Ye Li, PhD ’15
Ye’s research focuses on the development of operating system kernels for real-time and embedded computing. His PhD is on the design of the Quest-V separation kernel for mixed-criticality systems, which he has been co-developing with his advisor, Prof. Rich West, and other systems students. Ye’s contribution is on the use of hardware virtualization techniques to sandbox and, hence, separate components of a system into different criticality domains. The resulting Quest-V system takes a radically different system structure to normal OSes: rather than being an SMP-based system with one image running on every core, it looks like a chip-level distributed system. CPU, memory and I/O resources are partitioned amongst sandbox domains that manage resources directly without hypervisor (or virtual machine monitor) intervention. This makes the system far more efficient than with traditional hypervisor-based systems. Ye has also contributed to the design and development of secure and predictable inter-sandbox communication techniques. Application use-cases for such a system include automotive, avionics, healthcare, factory automation and robotics, where safety-critical system components must be separated so that failures and timing violations do not have global, and potentially catastrophic, consequences. Ye has led or been co-author on papers in top conferences for his area, including RTSS 2014, VEE 2014, PACT 2014, and RTAS (2013 and 2011), amongst others. His work has also been submitted to ACM TOCS and USENIX ATC, where it is currently under review.
Danna Gurari, PhD ’15
Danna Gurari’s research focuses on computer vision and human computation. Human computation is an emerging branch of computer science that concerns the design and analysis of computing systems in which humans participate as computing elements. Danna’s research contributions have solved problems at the intersection of computer vision, crowd sourcing, and biomedical user interface design. The excitement in the research community for Danna’s work is maybe best exemplified by the “Best Paper Awards” that two of her first-authored papers have received. Most recently, she was awarded an “Innovative Idea Award” for her work on bootstrapping automated image segmentation methods with crowdsourced initializations to significantly improve the performance of these methods. Danna’s human computation system produced the outlines of living cells in microscopy images with expert-level accuracy.

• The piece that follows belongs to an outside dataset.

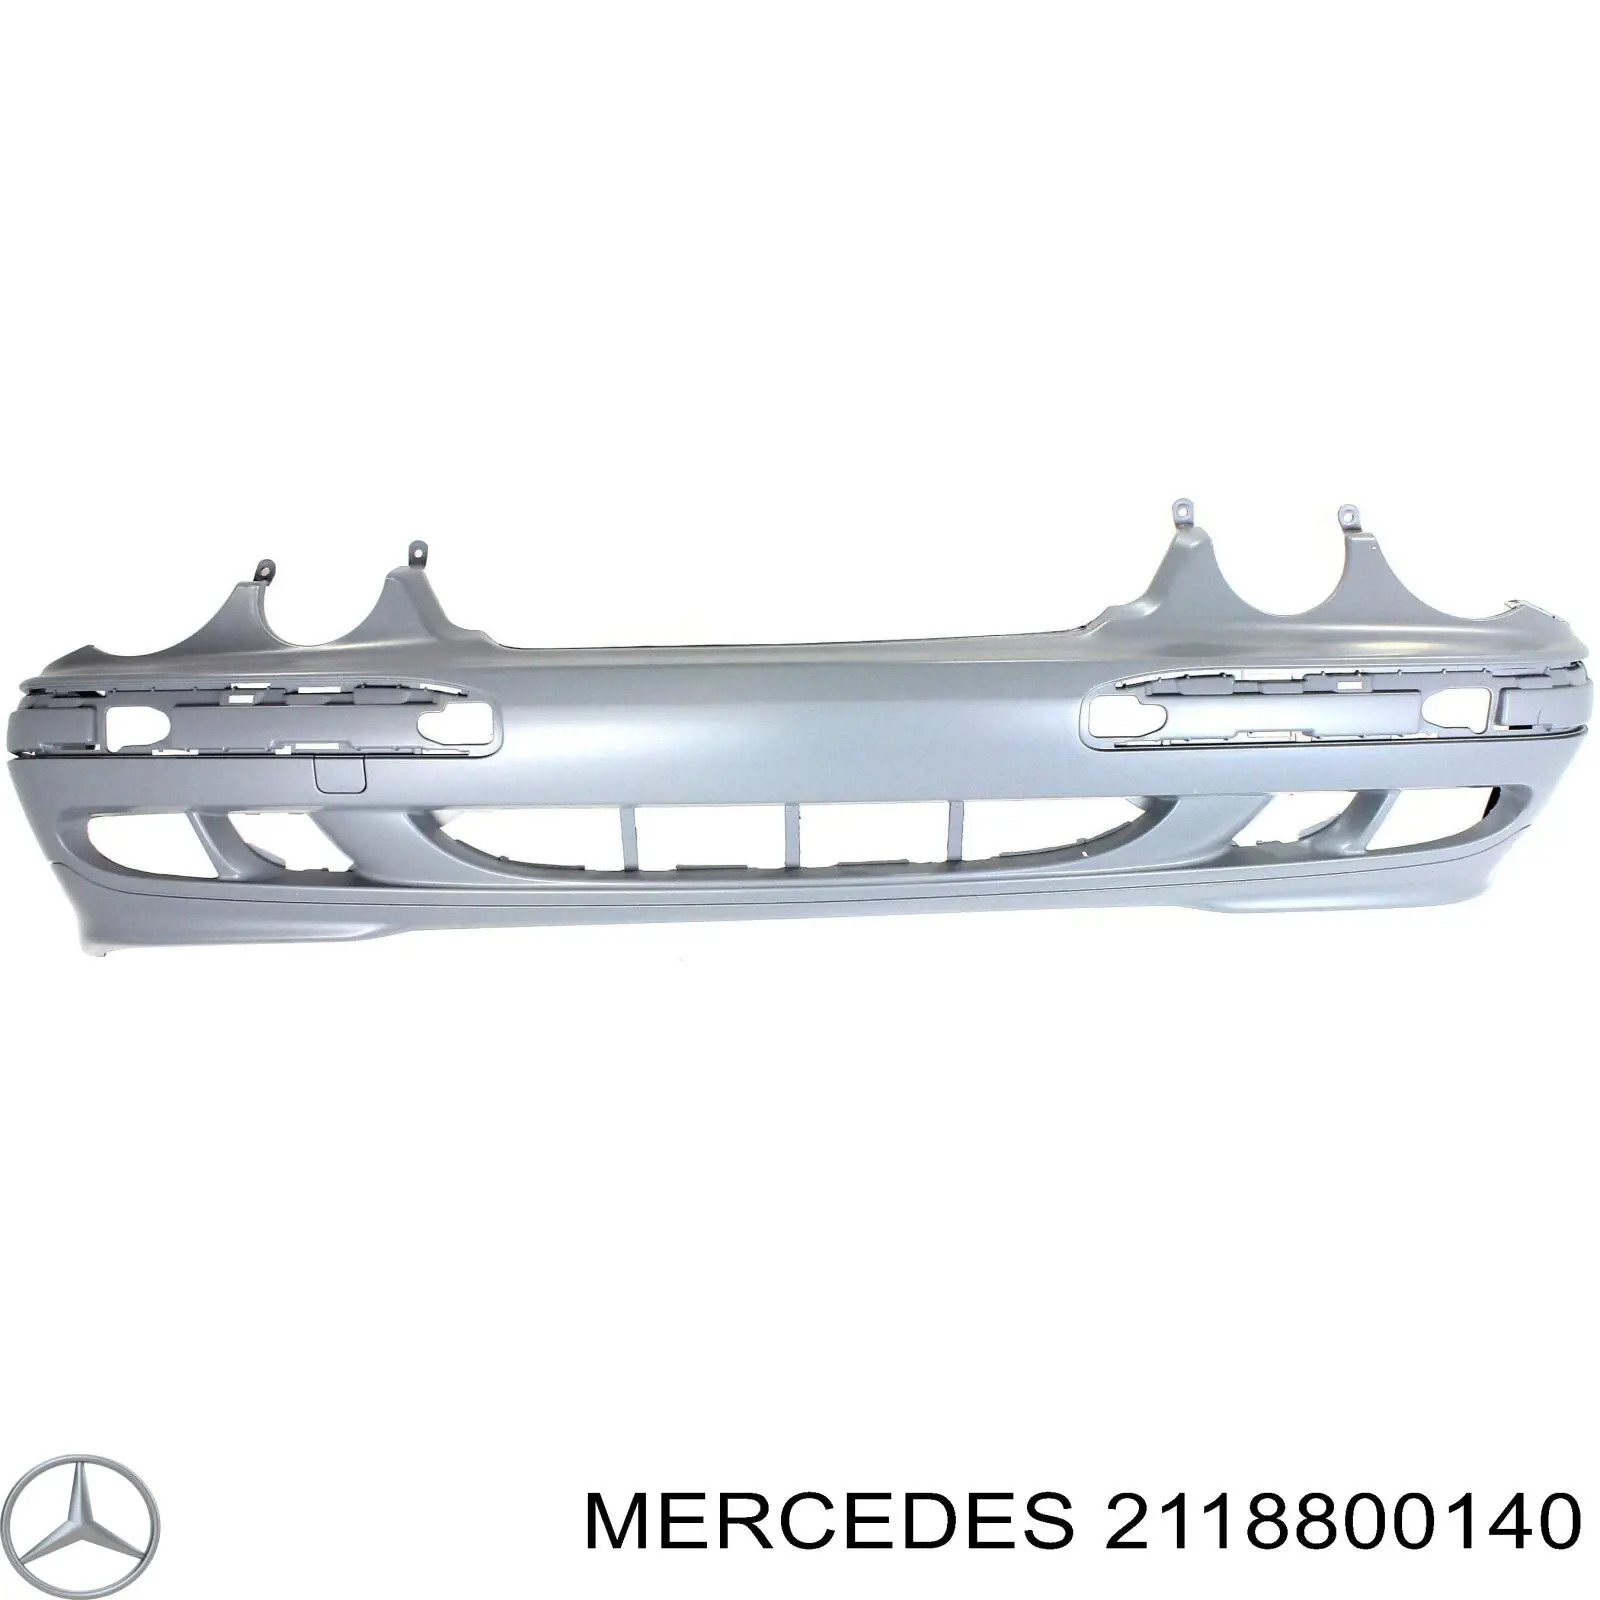 21188001409999 Mercedes paragolpes delantero

The potential impact of this work is immense: Annotating the outline of regions of interest in images, i.e., “segmentation,” is a very common and extremely time-consuming manual task for scientists working with image or video data. Danna demonstrated, for the first time in the literature, that a well-designed human-computation system can include internet workers without domain-specific training in reliably taking on the role of experts in various biomedical segmentation tasks. In her award winning 2013 WACV paper, Danna introduced the first human computation system to address the problem of segmentation in biomedical image analysis with a collection of multiple algorithms. She showed how to obtain project-specific performance indicators in a principled way that links annotation tools, fusion methods, and evaluation algorithms into a unified system. Danna has made the source code of all her work available on the internet. She has also contributed new image libraries for benchmarking. In addition to papers in WACV 2013 and 2015, Danna has published in Collective Intelligence 2015, HCOMP 2014, MICCAI IMIC 2014, BSA 2014, MICCAI 2012, and IHCI 2011.
Dimitrios Papadopoulos, PhD ’16
Dimitrios Papadopoulos has gone from ‘strength to strength;’ last year he had FIVE papers in top conferences, and he is a leader and role model in our BUSEC group. Dimitrios participated in various research projects that resulted in five publications at top cryptography, security and data management conferences, namely, PKC’14, Usenix Security’14, ACM CCS’14, NDSS’15 and VLDB’15. His PKC, CCS and VLBD papers correspond to core works for his thesis with contributions performed mostly by him. His Usenix and NDSS papers are also related to his thesis topic, with significant pieces of the work contributed by him. The NDSS paper has high potential to have practical impact on DNS security. Dimitrios currently participates in a number of research projects that will very likely result in more high-quality publications.